Here is yet another estimation of the $\lim_n\frac{(2n^{\frac 1n}-1)^n}{n^2}$. Since $$a_n= \frac{(2n^{\frac 1n}-1)^n}{n^2}=\Big(\frac{2n^{1/n}-1}{n^{2/n}} \Big)^n=\Big(\frac{-(1-2n^{1/n}+n^{2/n})+n^{2/n}}{n^{2/n}}\Big)^n=\Big(1-\Big(\frac{1-n^{1/n}}{n^{1/n}}\Big)^2\Big)^n$$ we obtain that $$1\leq a_n\leq \exp\left(n\Big(\frac{1-n^{1/n}}{n^{1/n}}\Big)^2\right)$$ (Here we use the inequality $1+v\leq e^v$ for all $v$). The expression in the exponent can be rewritten as $$n\Big(\frac{1-n^{1/n}}{n^{1/n}}\Big)^2=\frac{1}{n^{2/n}}\Big(\frac{n^{1/n}-1}{n^{-1/2}}\Big)^2$$ Since $n^{2/n}\xrightarrow{n\rightarrow0}1$, it is enough to check that $\frac{n^{1/n}-1}{n^{-1/2}}$ converges and find the limit. Here we may try L'Hospital rule, for we have a indeterminacy of the type $\frac{0}{0}$ as $n\rightarrow\infty$. Set $f(x)=x^{1/x}-1$ and $g(x)=x^{-1/2}$.

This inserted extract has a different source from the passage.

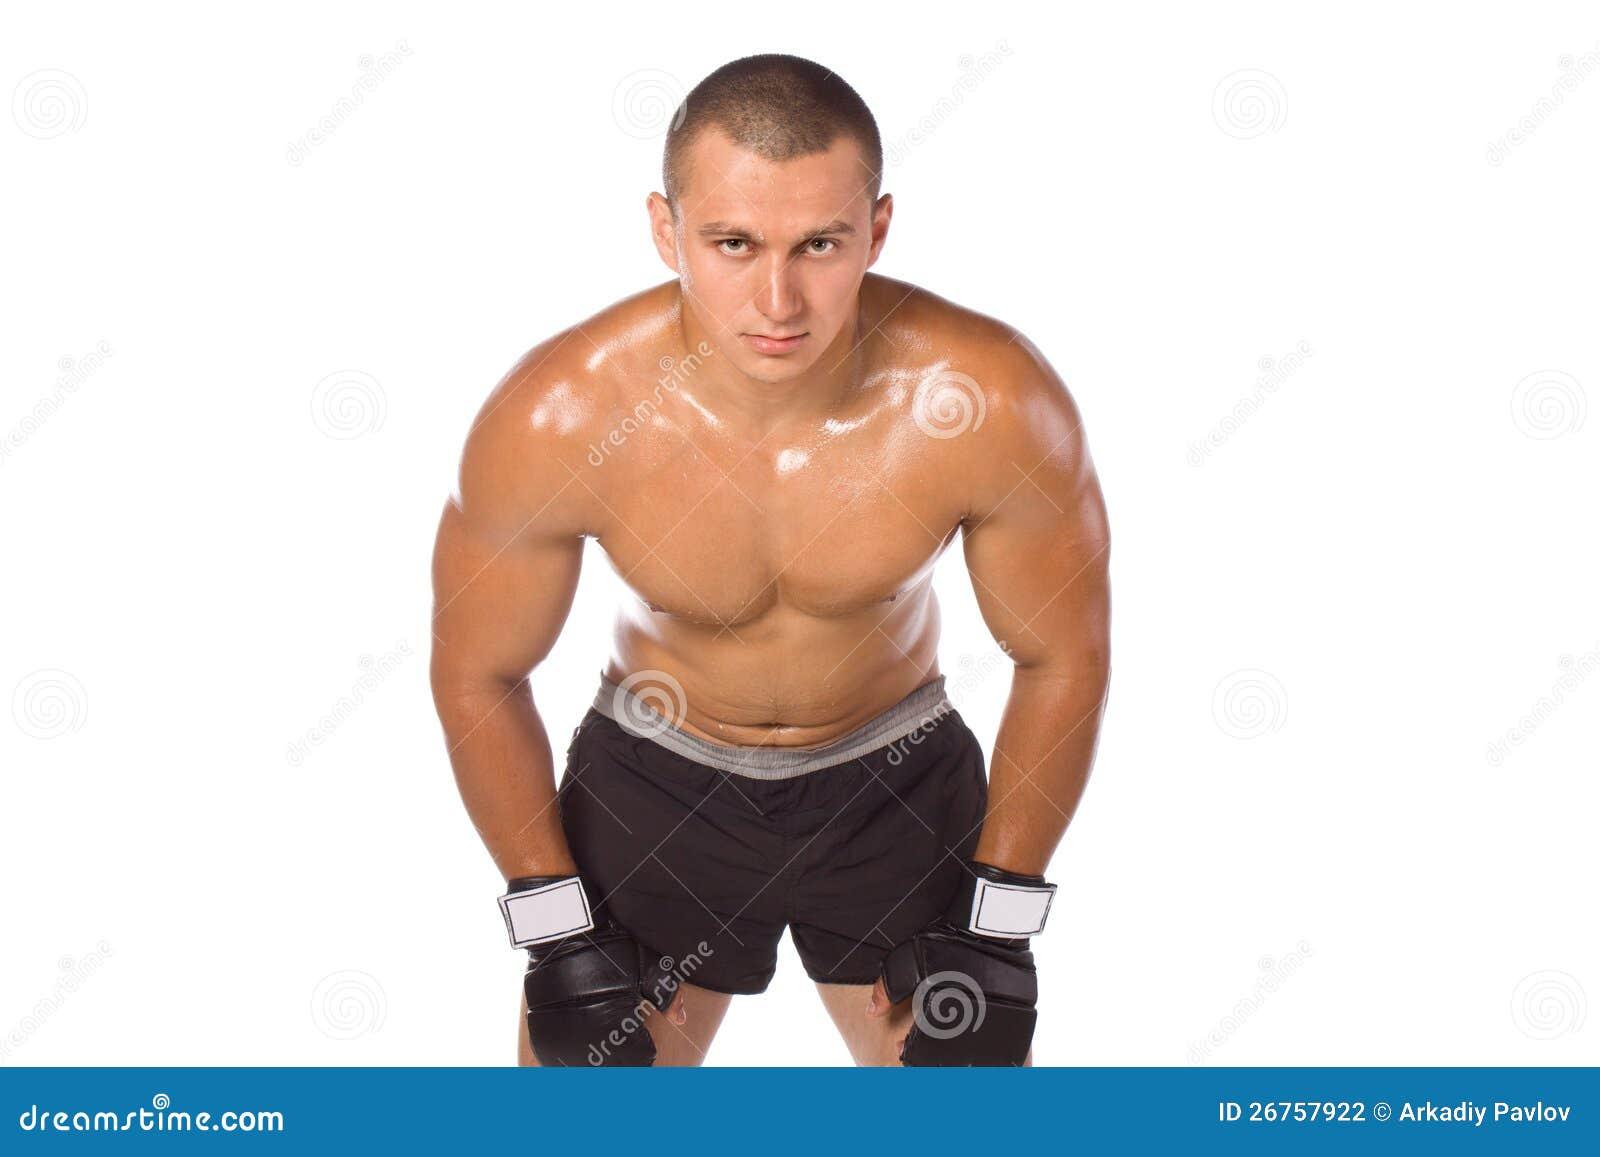 Męski bokser, wojownik. Sporty.

$$\frac{f(x)}{g(x)}=\frac{x^{1/x}-1}{x^{-1/2}}\sim \frac{f'(x)}{g'(x)}=2x^{1/x}\frac{\log x -1}{x^{1/2}}$$ Now $x^{1/x}\xrightarrow{x\rightarrow\infty}1$, while $\frac{\log x-1}{x^{1/2}}\xrightarrow{x\rightarrow\infty}0$ (this follows from a the well known limit $\lim_{u\rightarrow\infty}\frac{u^\alpha}{(1+p)^u}=0$ for any $p>0$ and $\alpha\in\mathbb{R}$) Consequently (by L'Hospital theorem) $\lim_{x\rightarrow\infty}\frac{f(x)}{g(x)}=L$ exists and equals $L=0$. Putting things together, we obtain that $$ \exp\left(n\Big(\frac{1-n^{1/n}}{n^{1/n}}\Big)^2\right)\xrightarrow{n\rightarrow\infty}1$$

Therefore, $\lim_{n\rightarrow\infty}a_n=1$.